Consider then the linear map

$\lambda(u)=\sum_{n\geq 1}{2^{-n}u_n}$

on c0. It is clear that this is a continuous linear map since it is bounded by 1 on the unit ball, and a moment’s thought shows that in fact we have

$|\lambda(u)|<1\quad\text{ if } \quad ||u||\leq 1$

because equality would require that u be a constant sequence, and this is impossible if the sequence is to converge to zero, except (of course) when the constant is zero, but then λ(0)=0 anyway….

This is a case where a supremum is not achieved, and so it is easily transformed to what we want by taking, e.g., v=0 and the convex set

$C=\{v\in c_0\,\mid\, \lambda(v)=1\}.$

Then there does not exist a vector in C minimizing the distance to the origin.

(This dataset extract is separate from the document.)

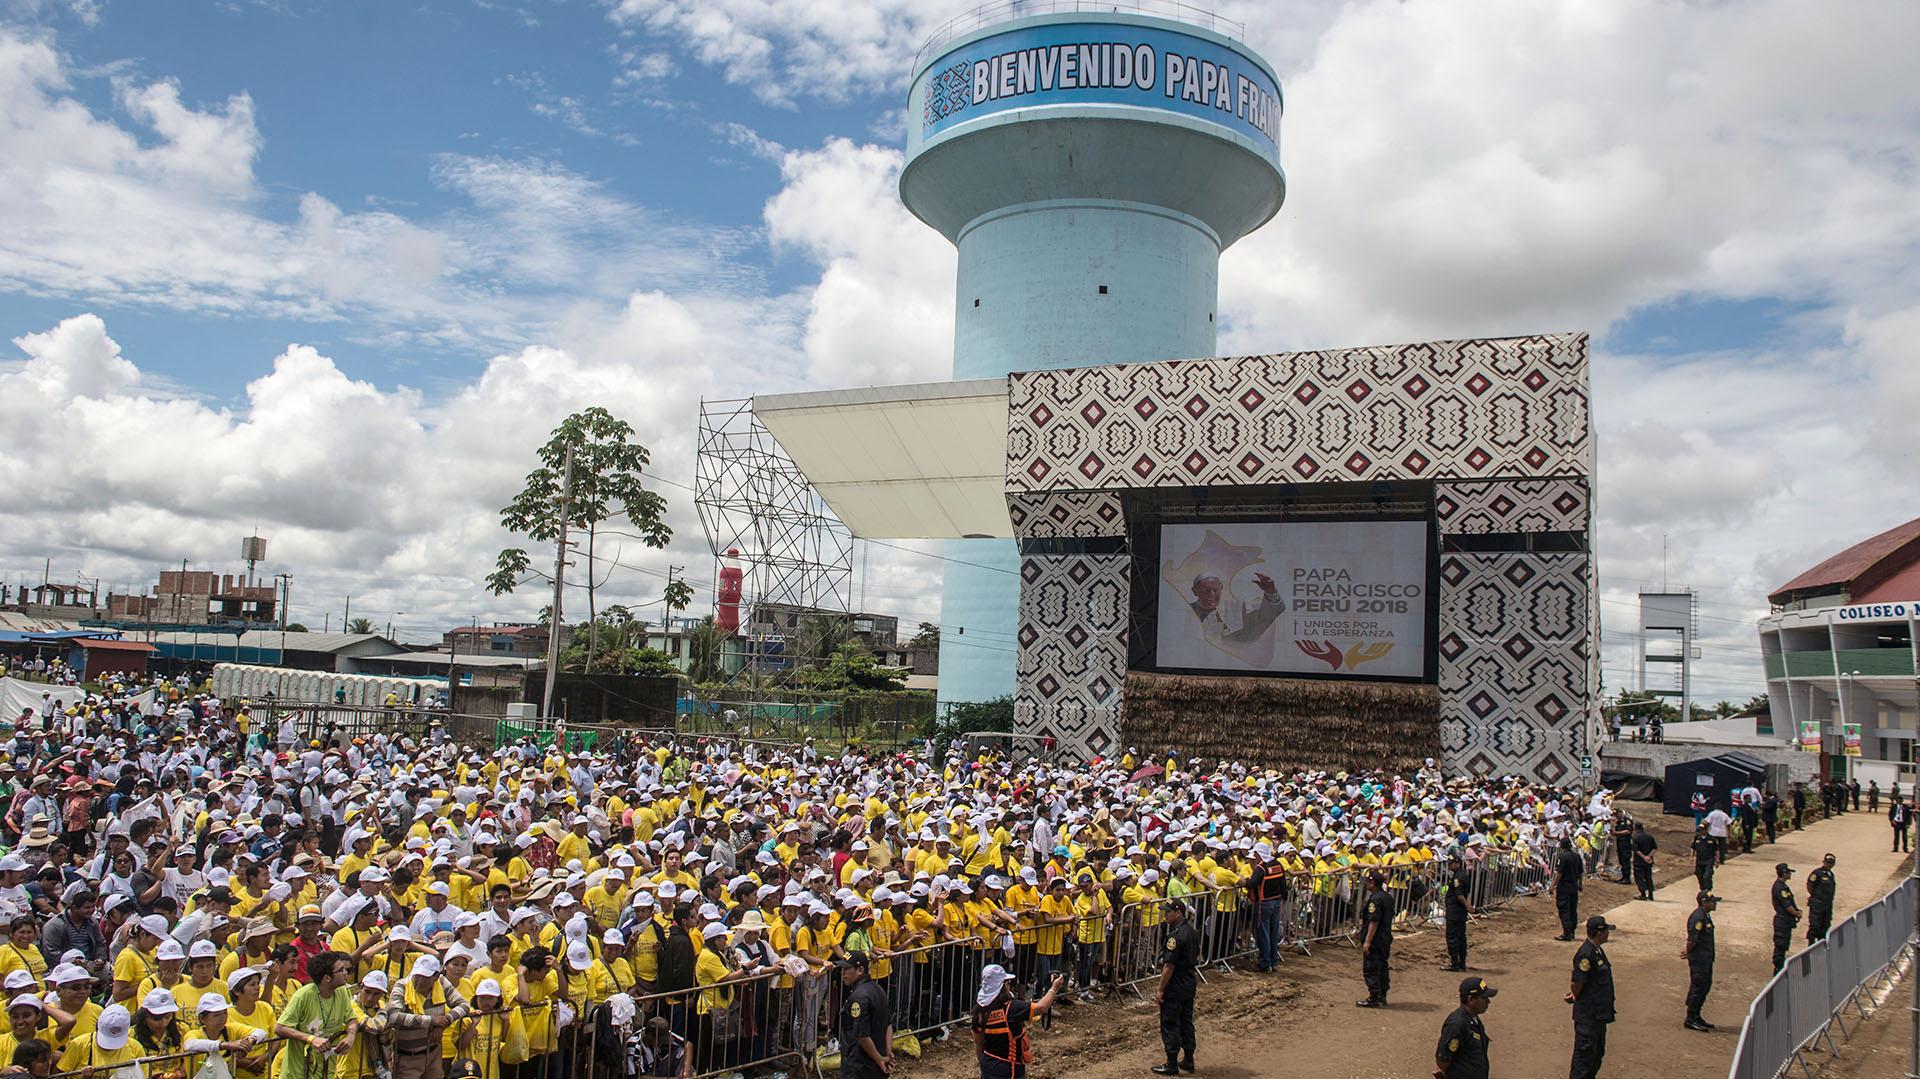 La recepción al papa Francisco en Puerto Maldonado fue masiva, a pesar de la escasa población de este poblado amazónico en Perú

Now, this is probably not too surprising to anyone, but while preparing these counterexamples for exercises for the students of my course, I was reminded of a beautiful approximation result of Chebychev which is probably not well-known (outside the numerical analysis community, where it seems to be standard knowledge) and which gives a particular (important) case outside of the Hilbert space context where the minimization process works.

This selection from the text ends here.